_Your instructions_: Exclude the pictures and reproduce the remaining data exactly as written.
(Supplied material begins)
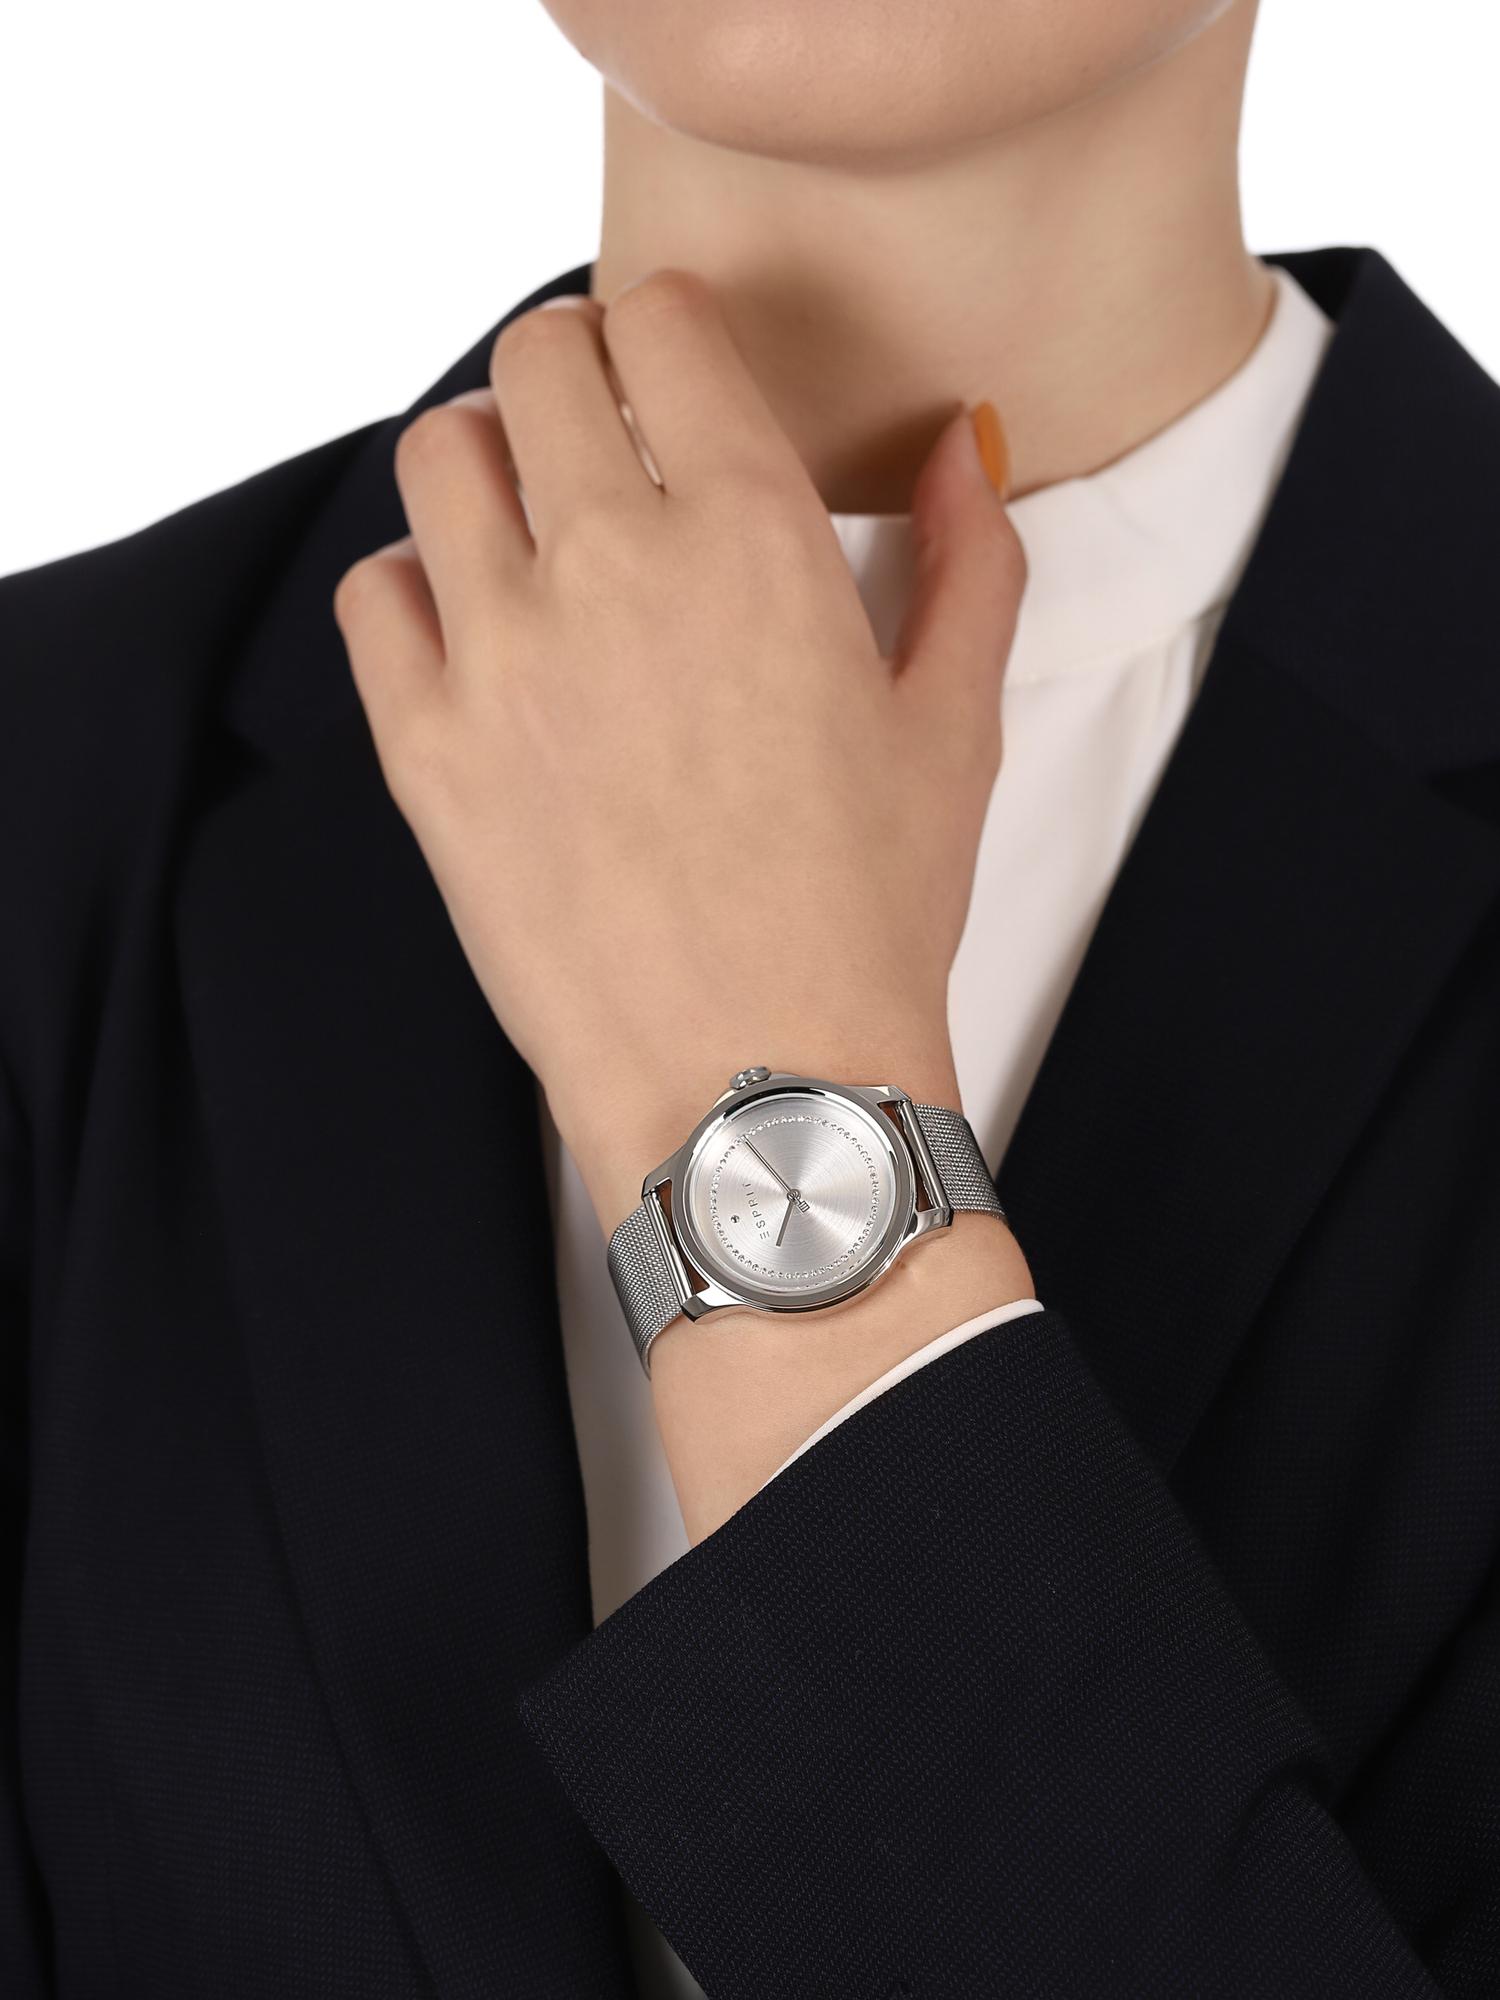 Esprit ES1L147M0055 zegarek srebrny klasyczny Damskie bransoleta
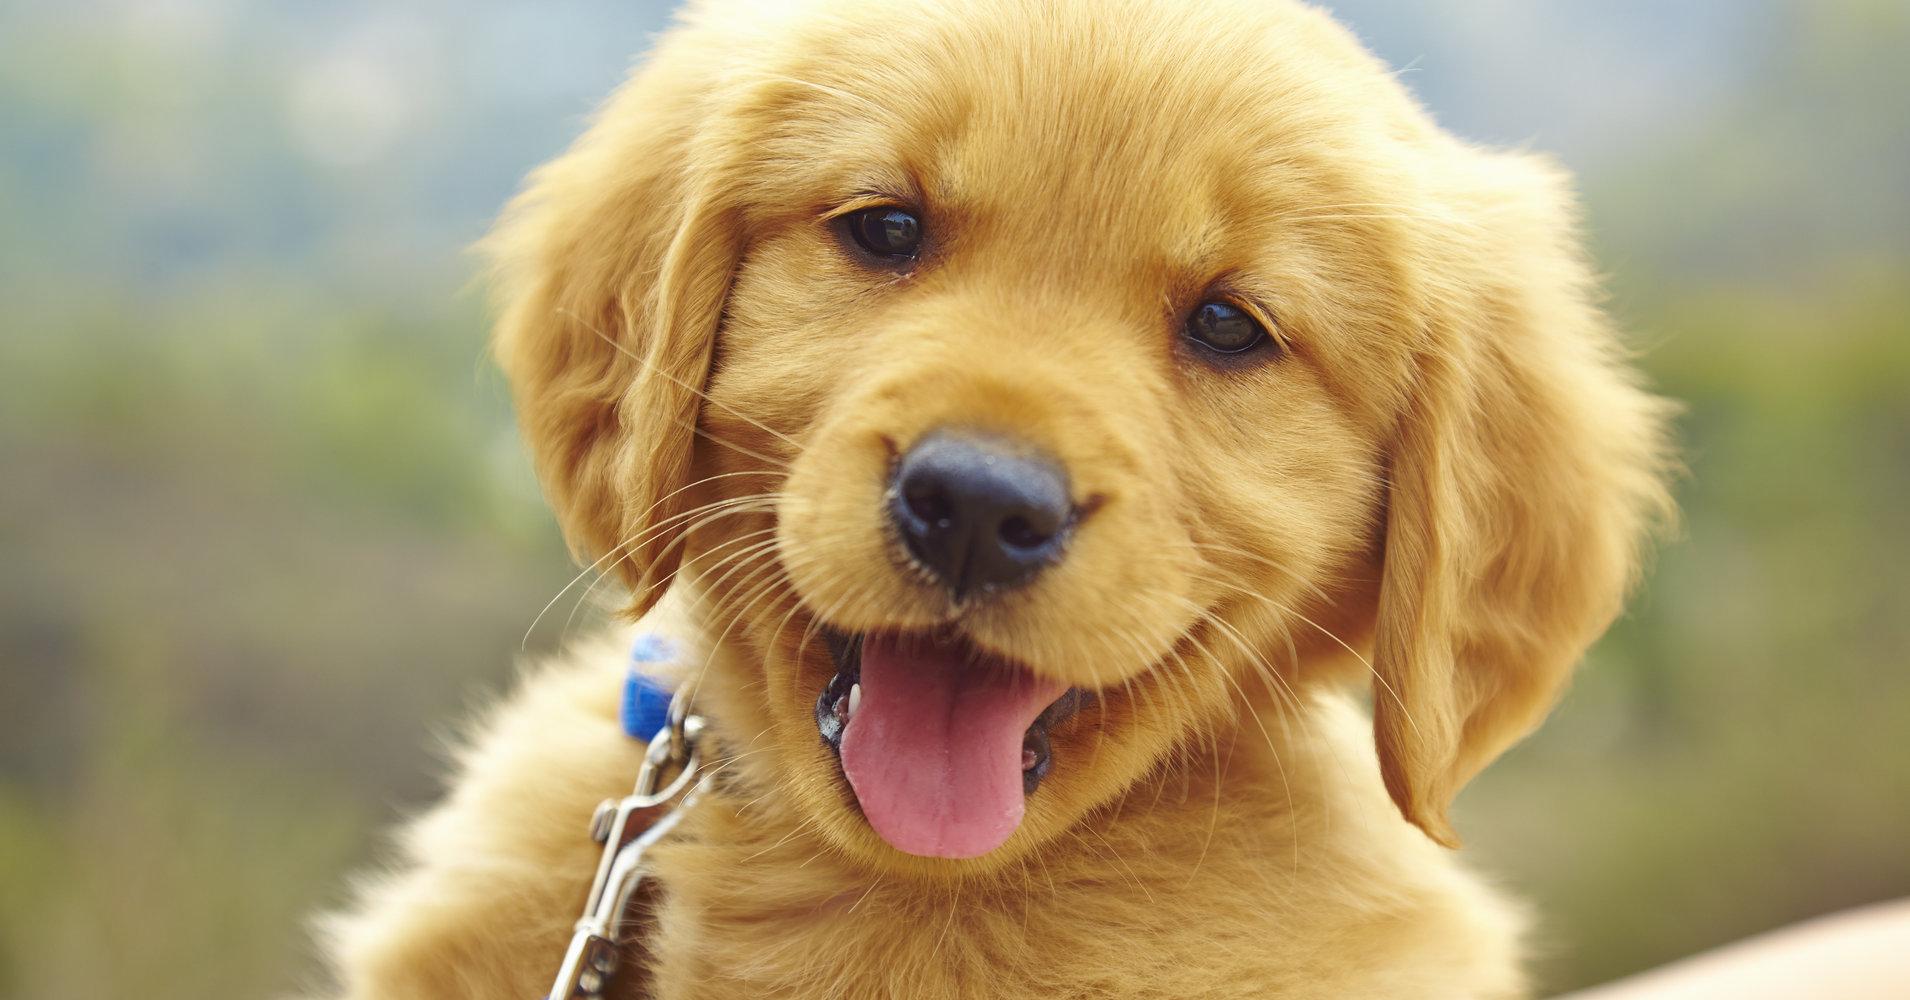 Object Oriented Programming: Dogs | Make School
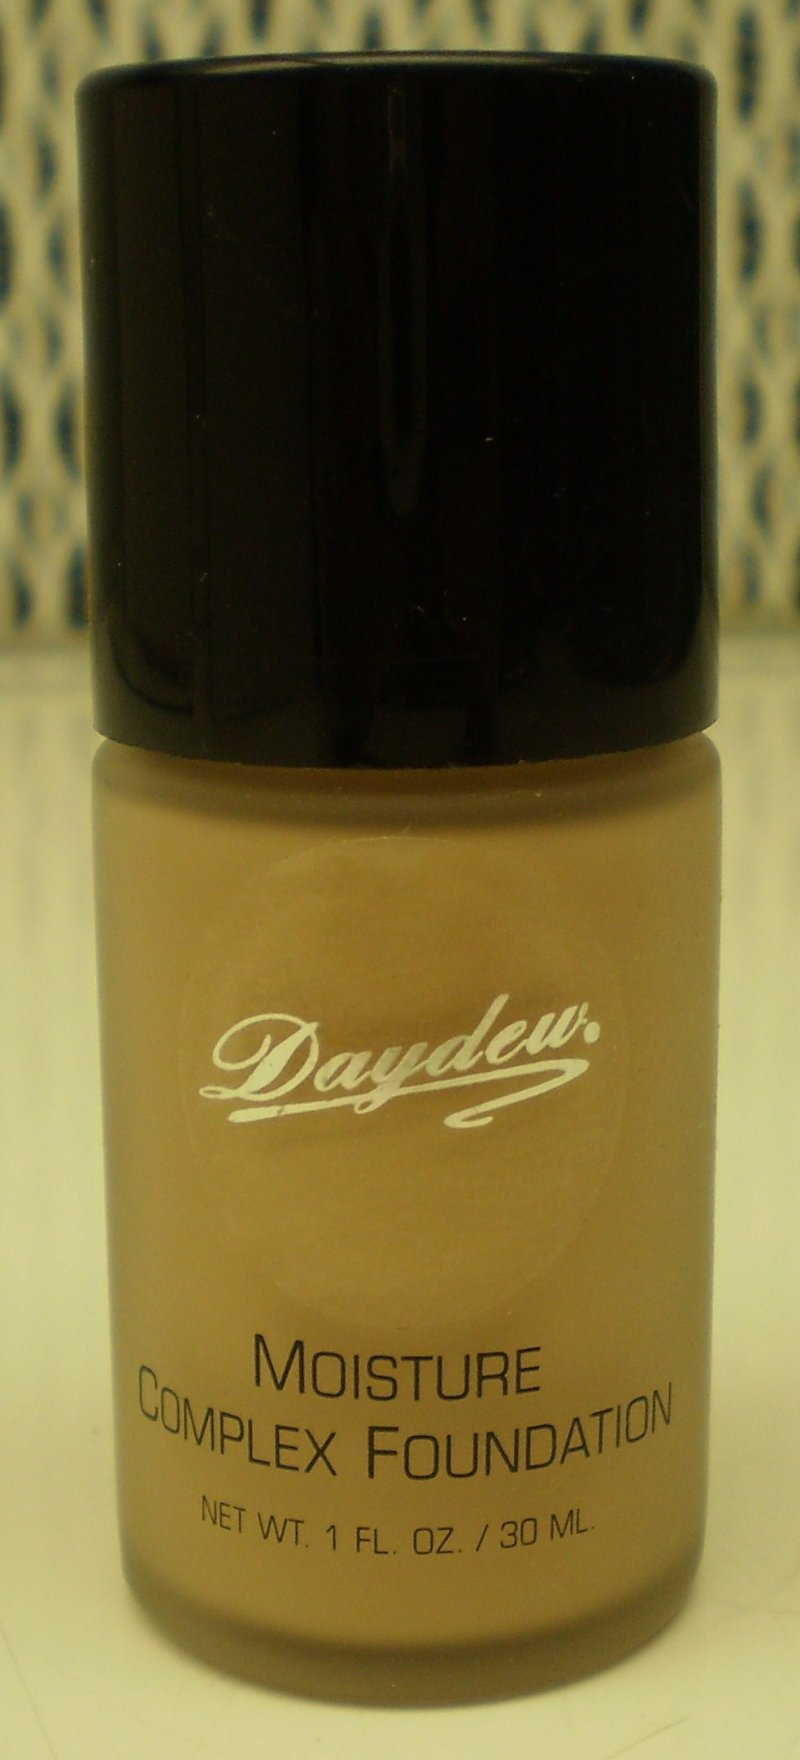 Daydew Custom Blend Moisture Complex Foundation Makeup Creme Beige 1oz
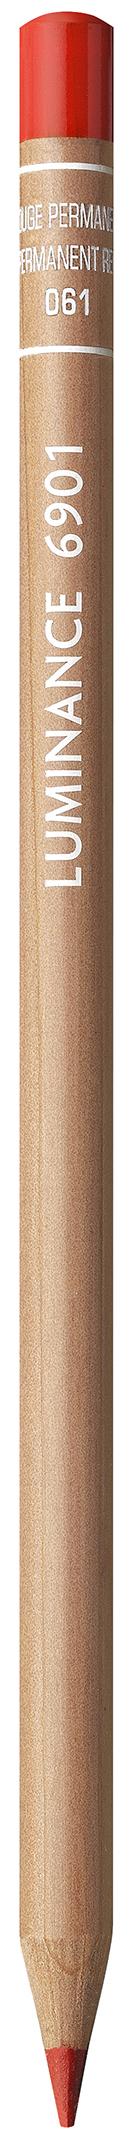 Luminance 6901 Pencil Carandache
(Supplied material ends)
_Solution to this task_:
 Esprit ES1L147M0055 zegarek srebrny klasyczny Damskie bransoleta
 Object Oriented Programming: Dogs | Make School
 Daydew Custom Blend Moisture Complex Foundation Makeup Creme Beige 1oz
 Luminance 6901 Pencil Carandache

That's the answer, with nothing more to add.